#### [DATA PROVIDED]

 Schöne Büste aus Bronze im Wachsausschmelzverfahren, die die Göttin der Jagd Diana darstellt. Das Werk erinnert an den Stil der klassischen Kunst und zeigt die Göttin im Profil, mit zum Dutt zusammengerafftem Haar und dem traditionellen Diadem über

==

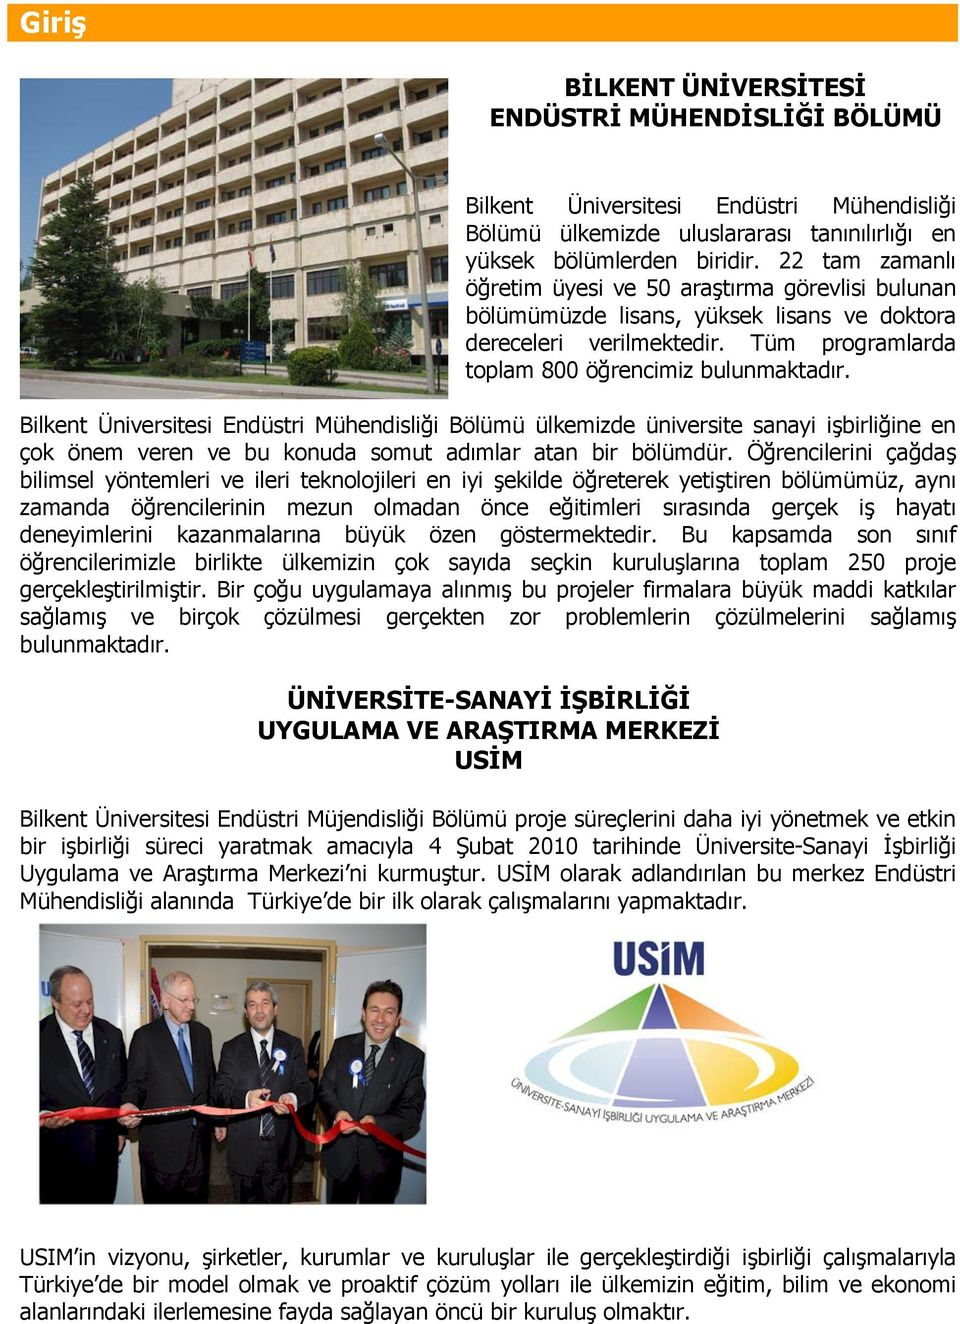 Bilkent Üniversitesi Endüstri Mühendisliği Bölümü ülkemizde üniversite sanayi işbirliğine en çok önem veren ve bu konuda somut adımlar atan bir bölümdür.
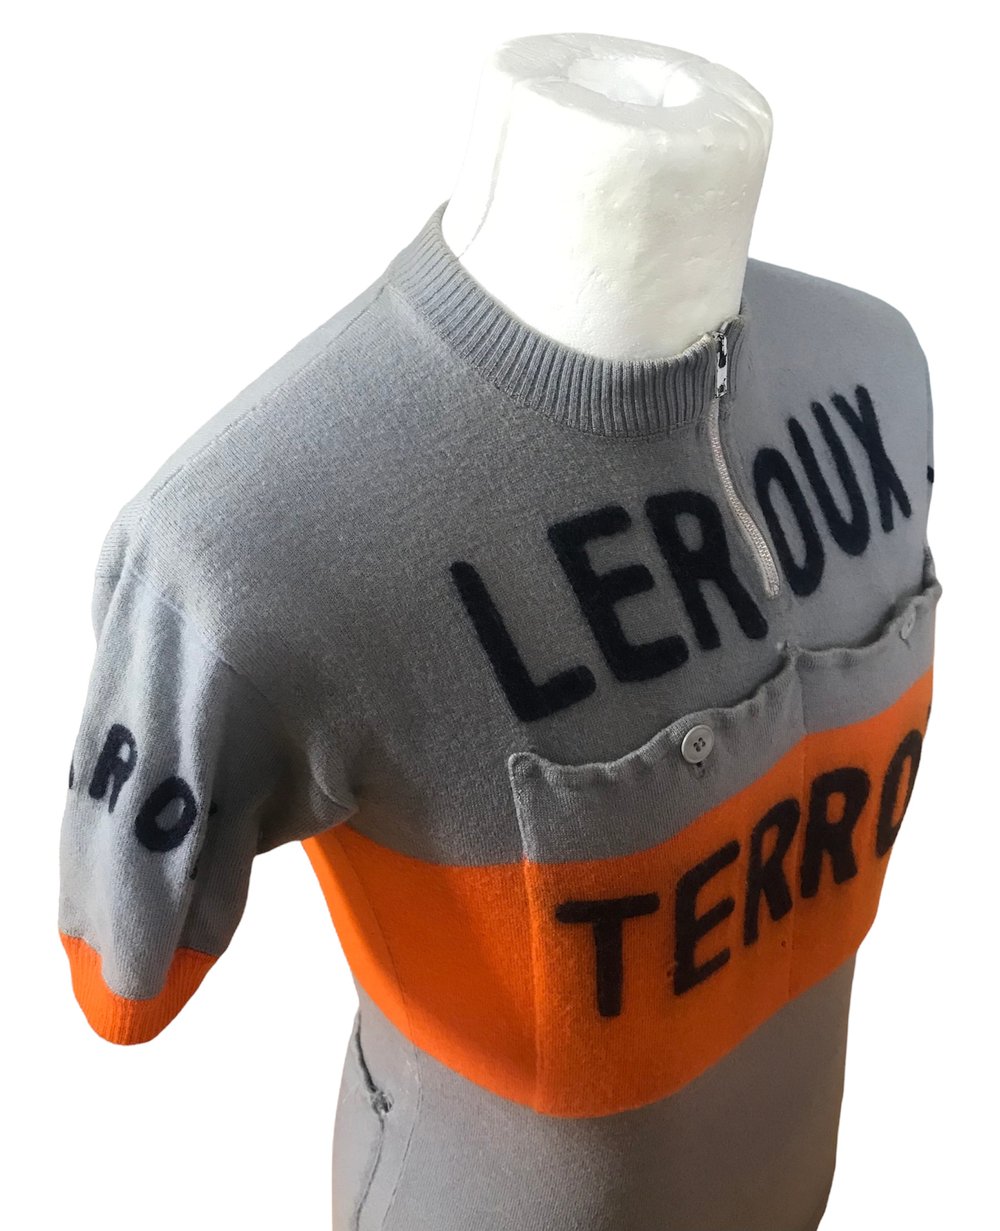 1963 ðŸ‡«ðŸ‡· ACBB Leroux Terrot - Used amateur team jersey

#### [WORK REQUEST]
When you reach the line with "Bilkent Üniversitesi Endüstri" in the records above, begin repeating the lines exactly, and stop after the line with "amateur team jersey". Skip all pictures.

#### [SOLUTION BELOW]
 Bilkent Üniversitesi Endüstri Mühendisliği Bölümü ülkemizde üniversite sanayi işbirliğine en çok önem veren ve bu konuda somut adımlar atan bir bölümdür.
 1963 ðŸ‡«ðŸ‡· ACBB Leroux Terrot - Used amateur team jersey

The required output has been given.